Kirill Ivanov-Smolensky
- Country (sports): Russia
- Born: 19 January 1981 (age 45) Moscow, Soviet Union
- Turned pro: 1998
- Plays: Right-handed
- Prize money: $98,959

Singles
- Career record: 0–5
- Career titles: 0
- Highest ranking: No. 278 (17 Jan 2005)

Doubles
- Career record: 2–6
- Career titles: 0
- Highest ranking: No. 224 (24 Jun 2002)

= Kirill Ivanov-Smolensky =

Russian tennis player

Kirill Ivanov-Smolensky (born 19 February 1981) is a former professional tennis player from Russia.

==Career==
Ivanov-Smolensky was a boys' singles semi-finalist in the 1998 Wimbledon Championships.
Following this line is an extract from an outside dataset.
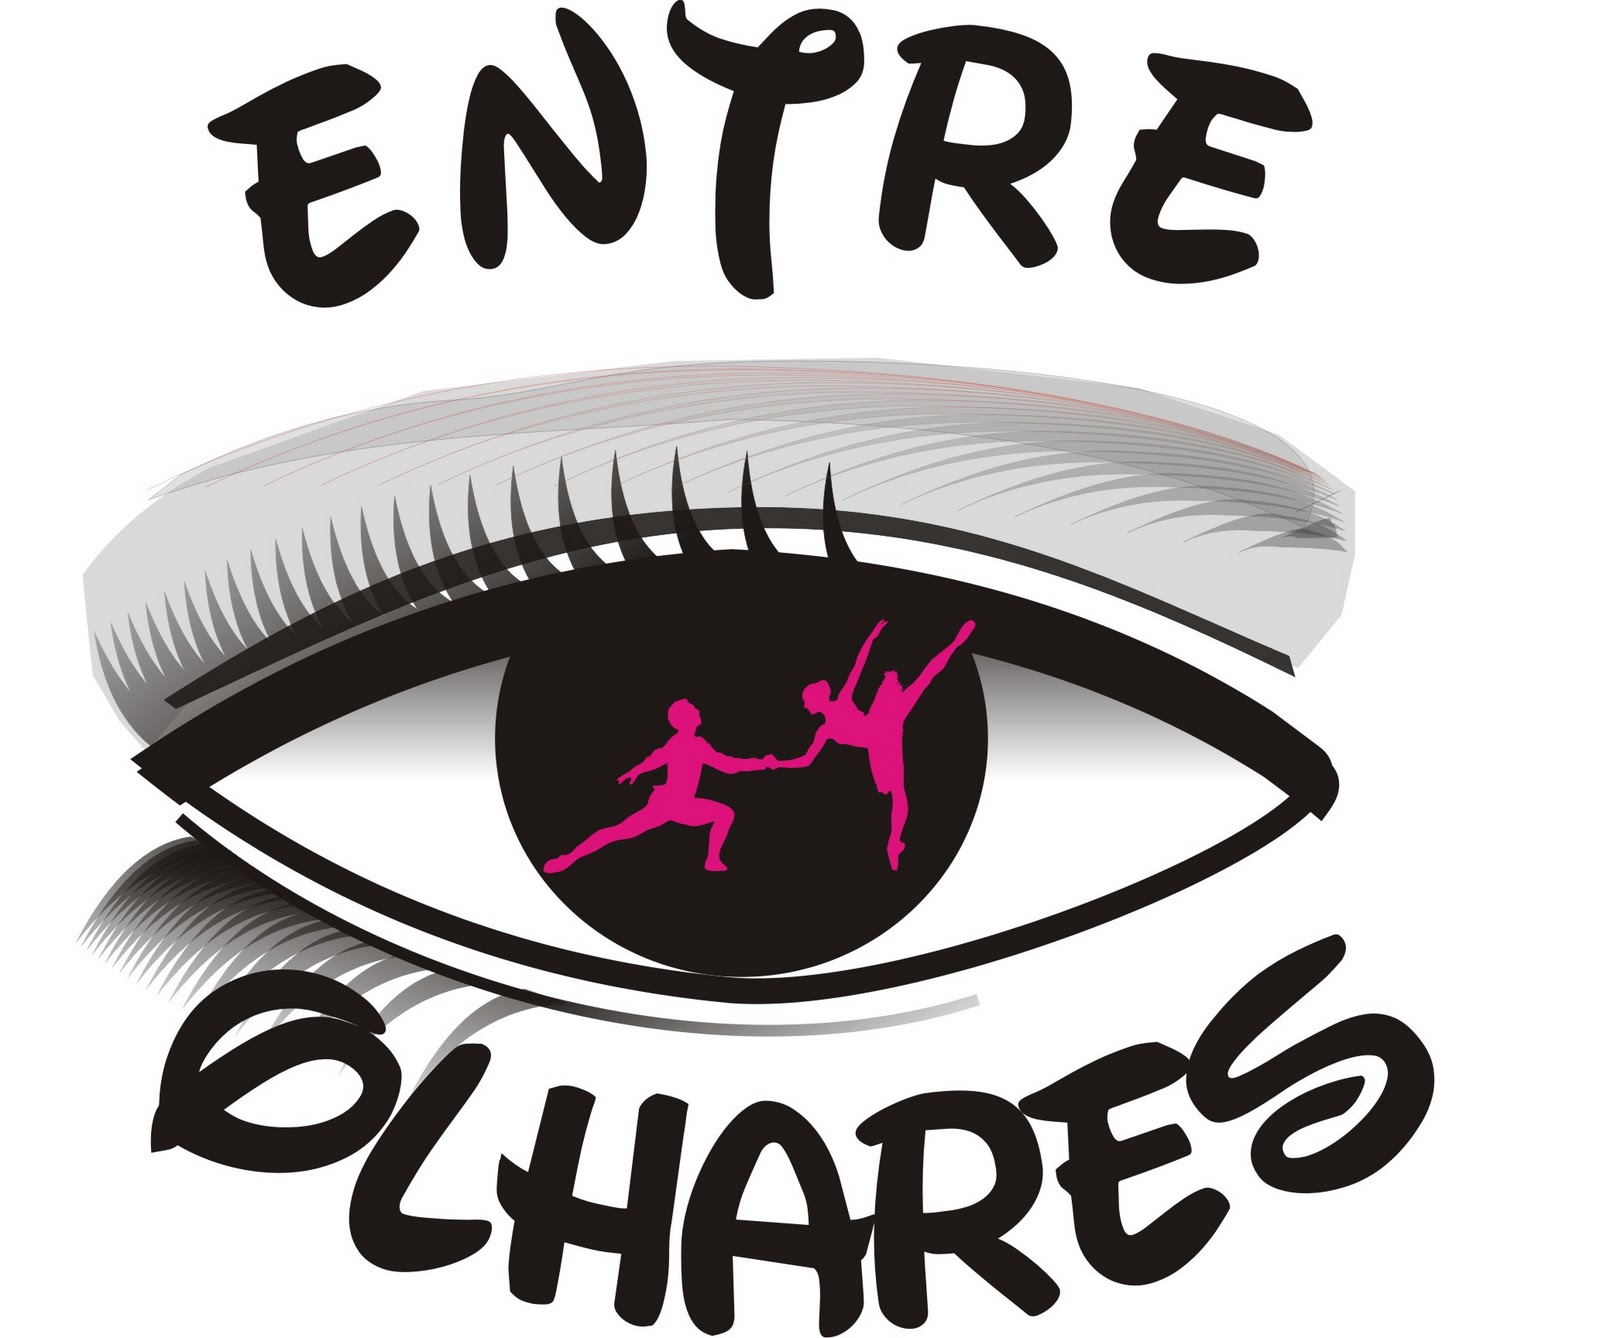 EntreOlhares

He also made the semi-finals in the boys' doubles, with Slovakian Frantisek Babej, which matched his efforts from Wimbledon the previous year, when he partnered Adrian Barnes to the semi-finals. During his junior career he played a doubles tournament with Roger Federer, held at the Bollettieri Sports Academy in 1997.

In 1998, Ivanov-Smolensky represented Russia in their Davis Cup World Group win over Japan in Osaka. He played one match, a dead rubber against Takao Suzuki, which he lost in straight sets.
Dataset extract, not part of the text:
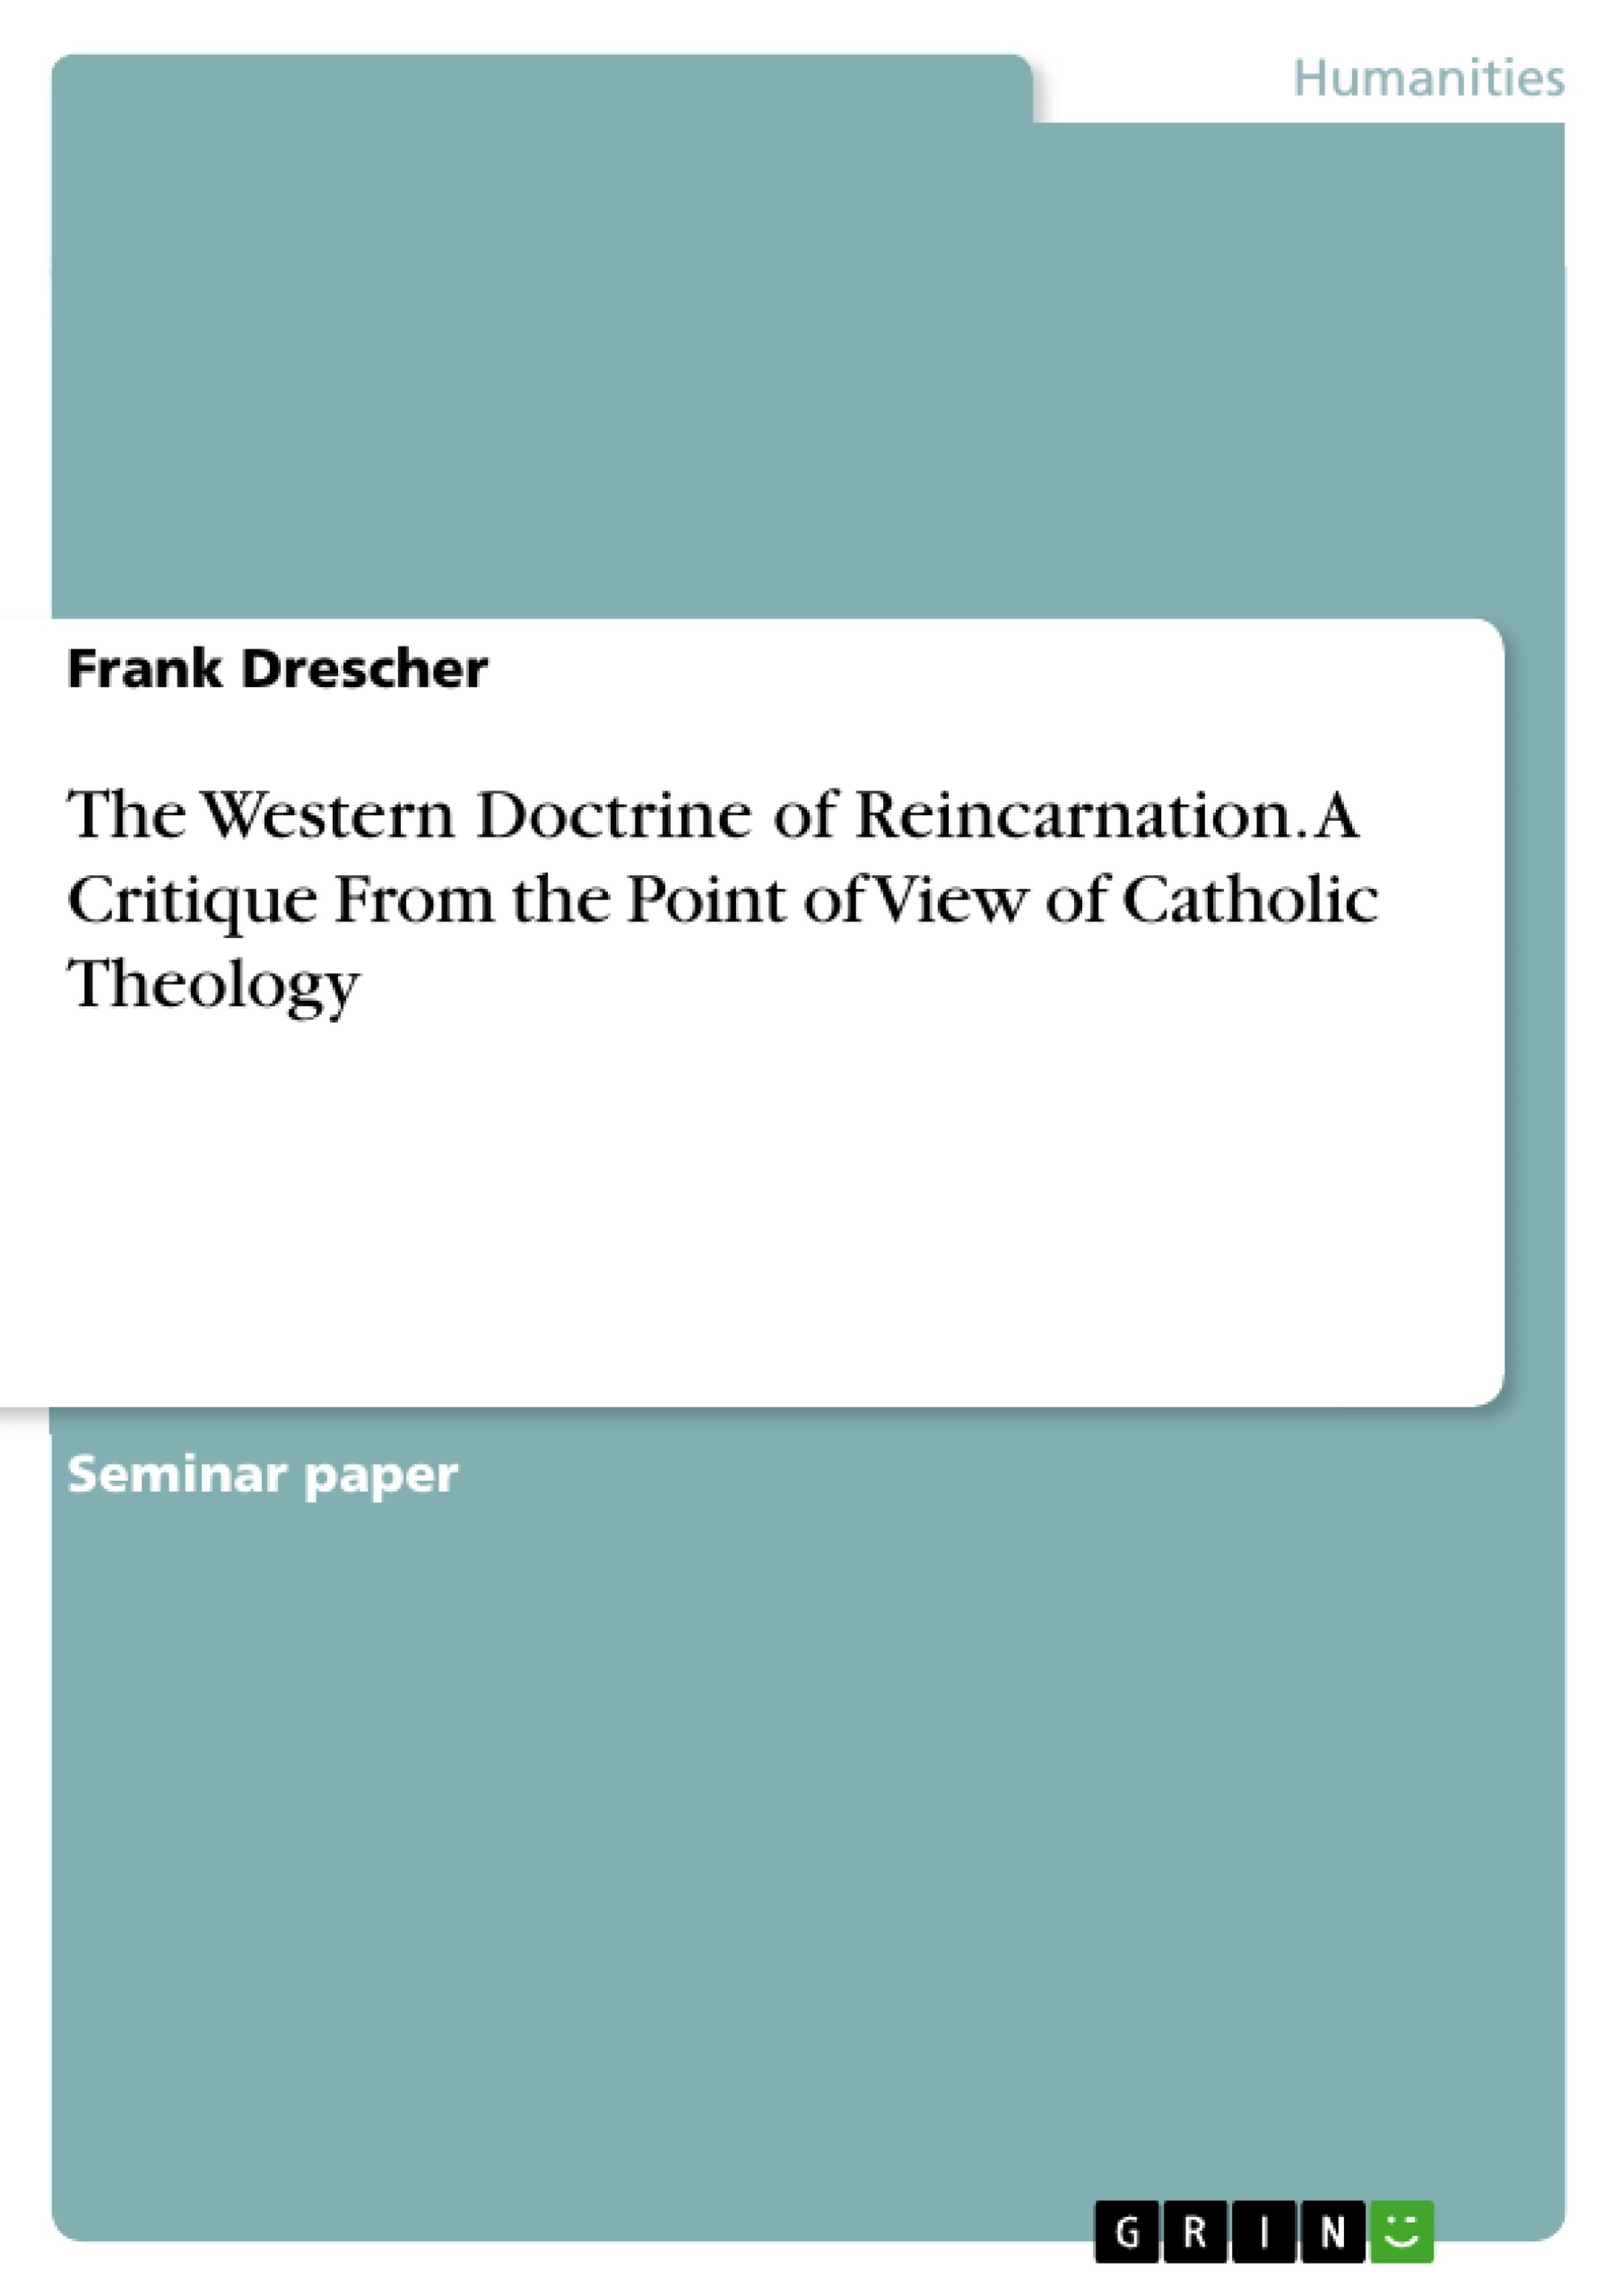 Título: The Western Doctrine of Reincarnation. A Critique From the Point of View of Catholic Theology

On the ATP Tour, he appeared in the main singles draw of four tournaments, the 1998 St. Petersburg Open, 1999 Heineken Trophy, 2002 President's Cup and 2002 Ordina Open. At each of those events he was beaten in the opening round, by four different Germans. He did, however, make two doubles quarter-finals: at Tashkent in 1998 (with Dmitri Tomashevich), and Chennai in 2000 (with Orlin Stanoytchev).